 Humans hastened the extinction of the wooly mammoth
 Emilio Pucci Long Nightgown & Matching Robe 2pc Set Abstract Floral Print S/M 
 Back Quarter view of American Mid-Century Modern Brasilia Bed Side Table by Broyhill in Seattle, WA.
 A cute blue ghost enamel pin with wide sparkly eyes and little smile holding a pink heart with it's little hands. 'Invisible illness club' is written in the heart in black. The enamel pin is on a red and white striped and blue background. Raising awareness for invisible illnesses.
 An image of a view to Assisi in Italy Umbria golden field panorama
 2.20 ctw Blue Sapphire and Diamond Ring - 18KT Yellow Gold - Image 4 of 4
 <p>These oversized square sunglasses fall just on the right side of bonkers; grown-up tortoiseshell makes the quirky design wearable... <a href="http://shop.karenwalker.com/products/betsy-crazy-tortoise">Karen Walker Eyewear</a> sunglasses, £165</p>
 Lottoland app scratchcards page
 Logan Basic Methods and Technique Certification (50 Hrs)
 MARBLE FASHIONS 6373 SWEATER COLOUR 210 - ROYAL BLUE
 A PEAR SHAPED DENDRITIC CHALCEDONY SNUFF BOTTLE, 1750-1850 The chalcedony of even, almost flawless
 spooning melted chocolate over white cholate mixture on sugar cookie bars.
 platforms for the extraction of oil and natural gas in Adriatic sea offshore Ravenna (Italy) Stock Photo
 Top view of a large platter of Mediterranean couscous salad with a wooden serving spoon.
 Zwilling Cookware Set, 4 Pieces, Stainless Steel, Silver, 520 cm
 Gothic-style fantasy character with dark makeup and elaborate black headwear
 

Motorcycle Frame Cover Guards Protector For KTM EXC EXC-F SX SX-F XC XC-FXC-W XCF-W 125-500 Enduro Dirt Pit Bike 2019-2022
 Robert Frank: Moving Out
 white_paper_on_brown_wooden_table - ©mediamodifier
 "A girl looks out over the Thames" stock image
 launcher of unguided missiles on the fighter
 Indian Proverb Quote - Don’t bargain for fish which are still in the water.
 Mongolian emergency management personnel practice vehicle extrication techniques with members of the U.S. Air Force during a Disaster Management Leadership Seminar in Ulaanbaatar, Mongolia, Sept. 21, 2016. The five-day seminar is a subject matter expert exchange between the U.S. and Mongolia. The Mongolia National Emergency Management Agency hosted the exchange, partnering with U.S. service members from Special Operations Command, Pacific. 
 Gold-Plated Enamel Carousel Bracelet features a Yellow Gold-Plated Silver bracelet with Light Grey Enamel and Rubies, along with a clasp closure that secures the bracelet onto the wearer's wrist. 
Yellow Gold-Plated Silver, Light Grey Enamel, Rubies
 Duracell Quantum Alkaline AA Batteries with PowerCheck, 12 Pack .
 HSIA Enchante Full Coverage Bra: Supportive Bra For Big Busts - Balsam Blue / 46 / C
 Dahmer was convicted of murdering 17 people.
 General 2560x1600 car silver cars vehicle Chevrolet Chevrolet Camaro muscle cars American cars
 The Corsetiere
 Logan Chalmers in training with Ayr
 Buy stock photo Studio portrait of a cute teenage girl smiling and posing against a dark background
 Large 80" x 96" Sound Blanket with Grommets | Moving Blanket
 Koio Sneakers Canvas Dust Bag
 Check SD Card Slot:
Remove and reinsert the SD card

◆ ◆ ◆

▶ **Instructions to follow**
Beginning with the opening line and ending with the final one, transcribe the material exactly.

▶ **Answer to this problem**
 Humans hastened the extinction of the wooly mammoth
 Emilio Pucci Long Nightgown & Matching Robe 2pc Set Abstract Floral Print S/M 
 Back Quarter view of American Mid-Century Modern Brasilia Bed Side Table by Broyhill in Seattle, WA.
 A cute blue ghost enamel pin with wide sparkly eyes and little smile holding a pink heart with it's little hands. 'Invisible illness club' is written in the heart in black. The enamel pin is on a red and white striped and blue background. Raising awareness for invisible illnesses.
 An image of a view to Assisi in Italy Umbria golden field panorama
 2.20 ctw Blue Sapphire and Diamond Ring - 18KT Yellow Gold - Image 4 of 4
 <p>These oversized square sunglasses fall just on the right side of bonkers; grown-up tortoiseshell makes the quirky design wearable... <a href="http://shop.karenwalker.com/products/betsy-crazy-tortoise">Karen Walker Eyewear</a> sunglasses, £165</p>
 Lottoland app scratchcards page
 Logan Basic Methods and Technique Certification (50 Hrs)
 MARBLE FASHIONS 6373 SWEATER COLOUR 210 - ROYAL BLUE
 A PEAR SHAPED DENDRITIC CHALCEDONY SNUFF BOTTLE, 1750-1850 The chalcedony of even, almost flawless
 spooning melted chocolate over white cholate mixture on sugar cookie bars.
 platforms for the extraction of oil and natural gas in Adriatic sea offshore Ravenna (Italy) Stock Photo
 Top view of a large platter of Mediterranean couscous salad with a wooden serving spoon.
 Zwilling Cookware Set, 4 Pieces, Stainless Steel, Silver, 520 cm
 Gothic-style fantasy character with dark makeup and elaborate black headwear
 

Motorcycle Frame Cover Guards Protector For KTM EXC EXC-F SX SX-F XC XC-FXC-W XCF-W 125-500 Enduro Dirt Pit Bike 2019-2022
 Robert Frank: Moving Out
 white_paper_on_brown_wooden_table - ©mediamodifier
 "A girl looks out over the Thames" stock image
 launcher of unguided missiles on the fighter
 Indian Proverb Quote - Don’t bargain for fish which are still in the water.
 Mongolian emergency management personnel practice vehicle extrication techniques with members of the U.S. Air Force during a Disaster Management Leadership Seminar in Ulaanbaatar, Mongolia, Sept. 21, 2016. The five-day seminar is a subject matter expert exchange between the U.S. and Mongolia. The Mongolia National Emergency Management Agency hosted the exchange, partnering with U.S. service members from Special Operations Command, Pacific. 
 Gold-Plated Enamel Carousel Bracelet features a Yellow Gold-Plated Silver bracelet with Light Grey Enamel and Rubies, along with a clasp closure that secures the bracelet onto the wearer's wrist. 
Yellow Gold-Plated Silver, Light Grey Enamel, Rubies
 Duracell Quantum Alkaline AA Batteries with PowerCheck, 12 Pack .
 HSIA Enchante Full Coverage Bra: Supportive Bra For Big Busts - Balsam Blue / 46 / C
 Dahmer was convicted of murdering 17 people.
 General 2560x1600 car silver cars vehicle Chevrolet Chevrolet Camaro muscle cars American cars
 The Corsetiere
 Logan Chalmers in training with Ayr
 Buy stock photo Studio portrait of a cute teenage girl smiling and posing against a dark background
 Large 80" x 96" Sound Blanket with Grommets | Moving Blanket
 Koio Sneakers Canvas Dust Bag
 Check SD Card Slot:
Remove and reinsert the SD card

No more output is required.